Par déclaration du 26 septembre 2025, la SAS [1] a interjeté appel de ladite ordonnance sauf en ce qu'elle a rejeté la demande de provision de la SAS [1] et l'a condamné aux dépens.
Aux termes de ses dernières conclusions notifiées par RPVA le 13 février 2026, auxquelles il est expressément renvoyé pour un exposé complet de ses moyens et prétentions, la SAS [1], appelante, demande à la cour de : Vu les articles 73 et suivants, les articles 31, 32, 122, 123, 124, 138 à 142, 700 et 835 du code de procédure civile et les articles L.455-1 et L.455-1-1 du code de la sécurité sociale, - Déclarer recevable son appel, - Infirmer l'ordonnance en ce que le juge des référés : * s'est déclaré compétent pour connaître du litige, * a rejeté la fin de non-recevoir soulevée par le défendeur, * a rejeté la condamnation sous astreinte de M. [C] [K] à communiquer à la SAS [1] le procès-verbal relatant l'accident de la circulation du 24 février 2023, * a ordonné une mesure d'expertise médicale judiciaire au bénéfice de M. [C] [K], * a commis pour y procéder M. [E] [W], expert inscrit sur la liste de la cour d'appel de Nîmes, * a dit que l'expert aura pour mission : Après avoir recueilli les renseignements nécessaires sur l'identité de la victime et sa situation, les conditions de son activité professionnelle, son niveau scolaire s'il s'agit d'un enfant ou d'un étudiant, son statut et/ou sa formation s'il s'agit d'un demandeur d'emploi, son mode de vie antérieure à l'accident et sa situation actuelle ; 1.

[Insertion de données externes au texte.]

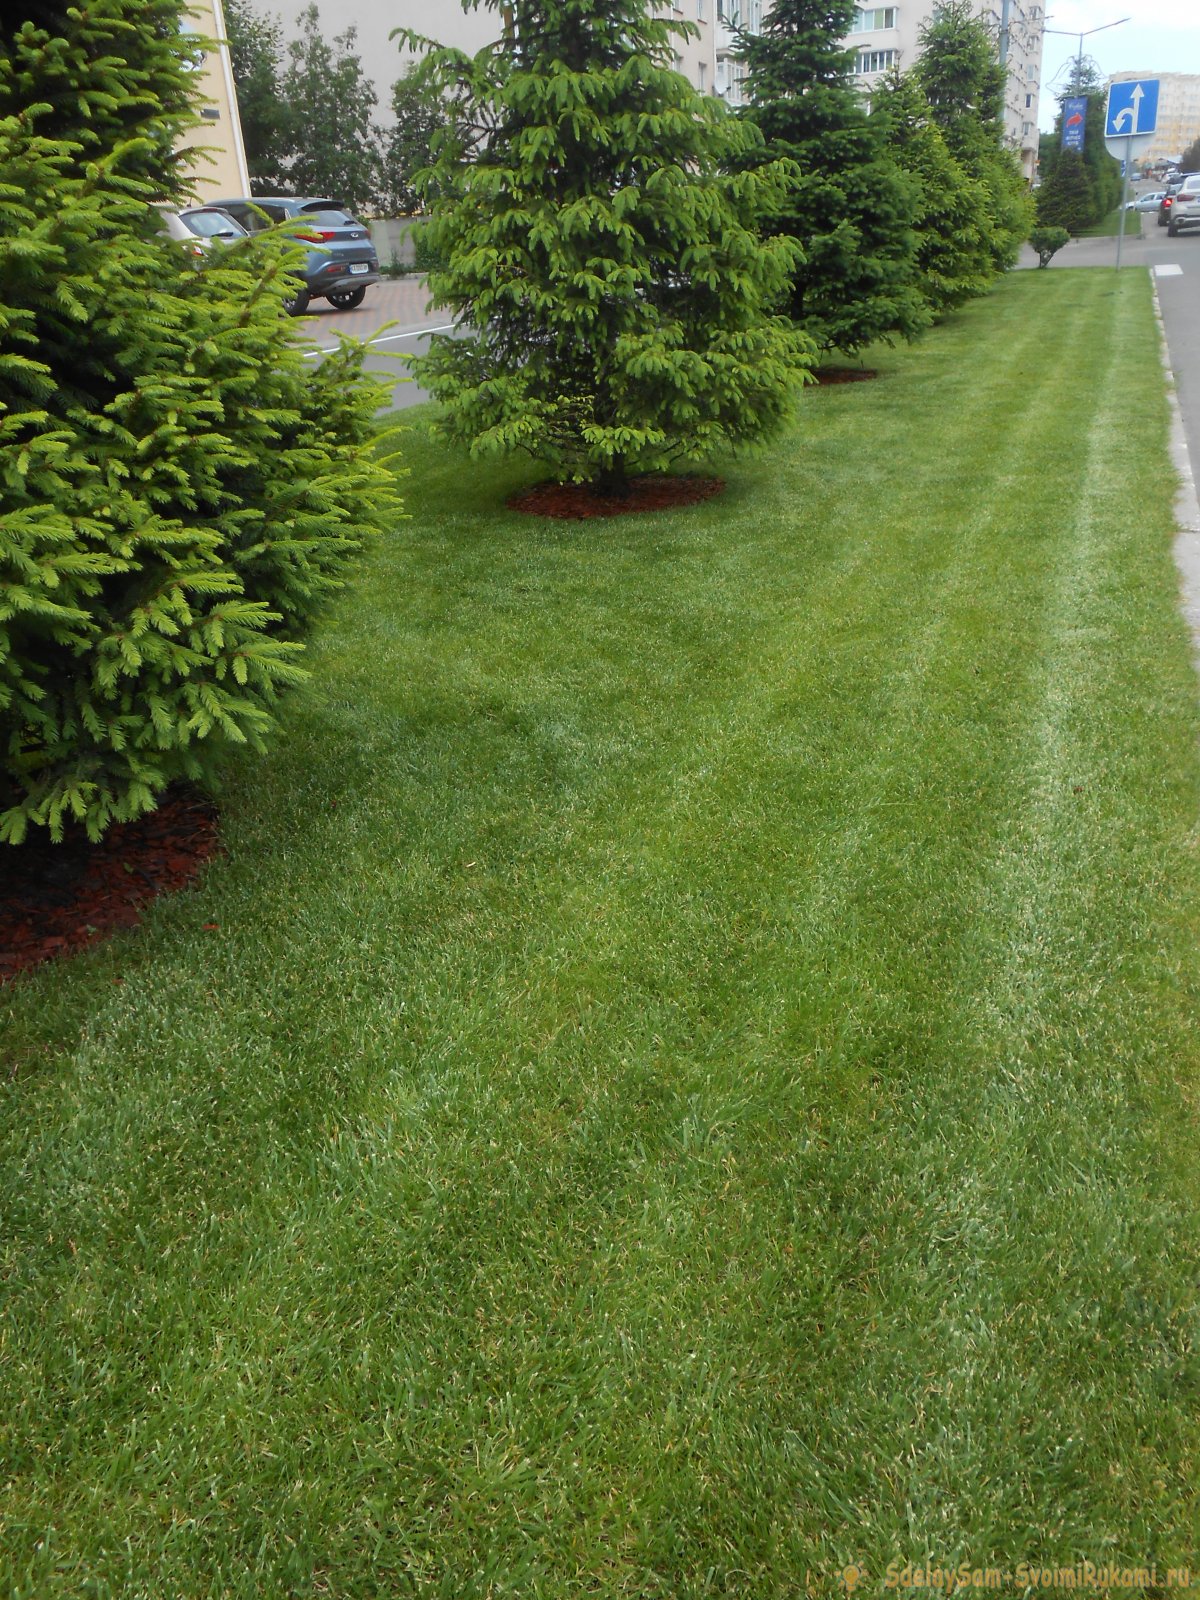 Ваш газон будет как в кино, если делать правильный уход: стрижка, подкормка, аэрация

A partir des déclarations de la victime, au besoin de ses proches et de tout sachant, et des documents médicaux fournis (certificat médical initial, certificats de prolongation et de consolidation, certificats médicaux, tous comptes-rendus de soins, d'intervention, d'opérations et d'examens, résultats d'analyses...) décrire en détail les lésions initiales et les modalités de traitement, en précisant le cas échéant, les durées exactes d'hospitalisation et, pour chaque période d'hospitalisation, le nom de l'établissement, les services concernés et la nature des soins, * a rappelé qu'à défaut d'obtenir la remise des pièces qui lui sont nécessaires l'expert pourra être autorisé par le juge chargé du contrôle des expertises à déposer son rapport en l'état , que toutefois, il pourra se faire communiquer directement, avec l'accord de la victime ou de ses ayants-droits par tous tiers : médecins, personnels paramédicaux, établissements hospitaliers et de soins, toutes pièces médicales qui ne lui auraient pas été transmises par les parties et dont la production lui paraîtra nécessaire, * a dit que l'expert devra s'assurer, à chaque réunion d'expertise, de la communication aux parties des pièces qui lui ont été remises, dans un délai permettant leur étude conformément au principe de contradiction, que les documents d'imagerie médicale pertinents seront analysés de façon contradictoire lors des réunions d'expertise et que les pièces seront numérotées en continu et accompagnées d'un bordereau récapitulatif, 2.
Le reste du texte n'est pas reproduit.